Hi all,
I have created 3 different pipelines and ran a cross-validation test with different train/test splits. The results.json is as shown below,
{
"configP1": [
[
0.4071428571428571,
0.4705215419501133,
0.28843537414965986,
0.36984126984126986
],
[
0.7065759637188209,
0.6936507936507937,
0.5833333333333334,
0.4531746031746031
],
[
0.4698412698412698,
0.5907029478458049,
0.4222222222222222,
0.35411255411255416
]
],
"configP2": [
[
0.5226757369614512,
0.6428571428571429,
0.47551020408163264,
0.3857142857142857
],
[
0.6468253968253969,
0.7700680272108843,
0.4272108843537415,
0.5272108843537415
],
[
0.5700680272108843,
0.5335600907029479,
0.4015873015873016,
0.1795918367346939
]
],
"configP3": [
[
0.5056689342403629,
0.6026077097505669,
0.4391156462585034,
0.4368789940218511
],
[
0.6385487528344671,
0.7732426303854877,
0.5523809523809524,
0.5253968253968254
],
[
0.5002267573696145,
0.5986394557823128,
0.35827664399092973,
0.23333333333333334
]
]
}
Could someone explain what these reported values for each configuration are?
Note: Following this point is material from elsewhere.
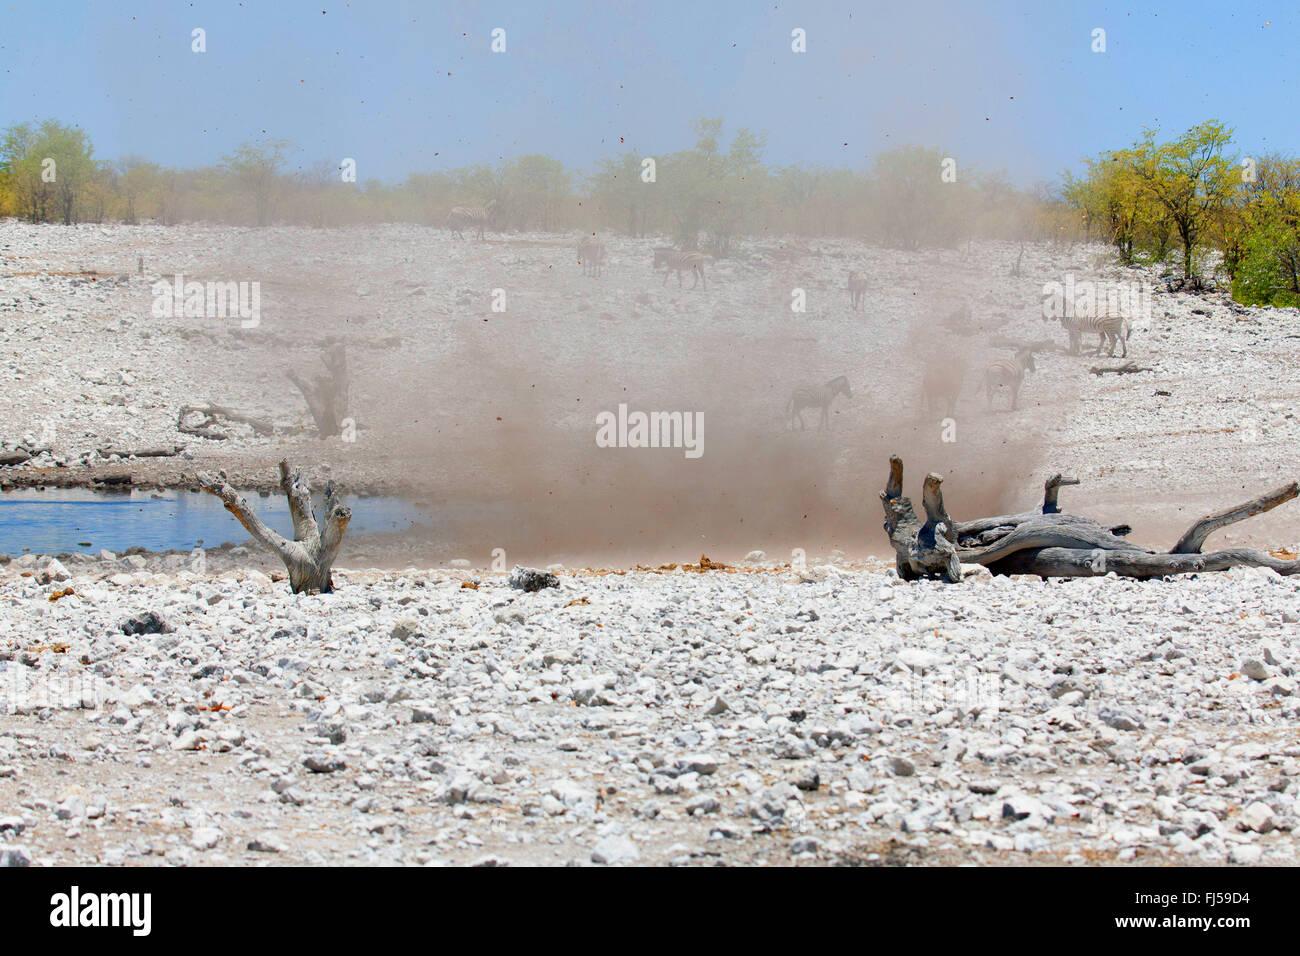 dust devil whirling up sand and stones near a waterhole with zebras, Namibia, Etosha National Park, Naumutoni Stock Photo

I looked through the documents but did not find any details of what the values are.
Also the average f1-score graph is as shown, If I understand right, if the f1 score doesn’t not increase further, implies that the training data is sufficient. Can someone help me understand why there is a dip after a certain point.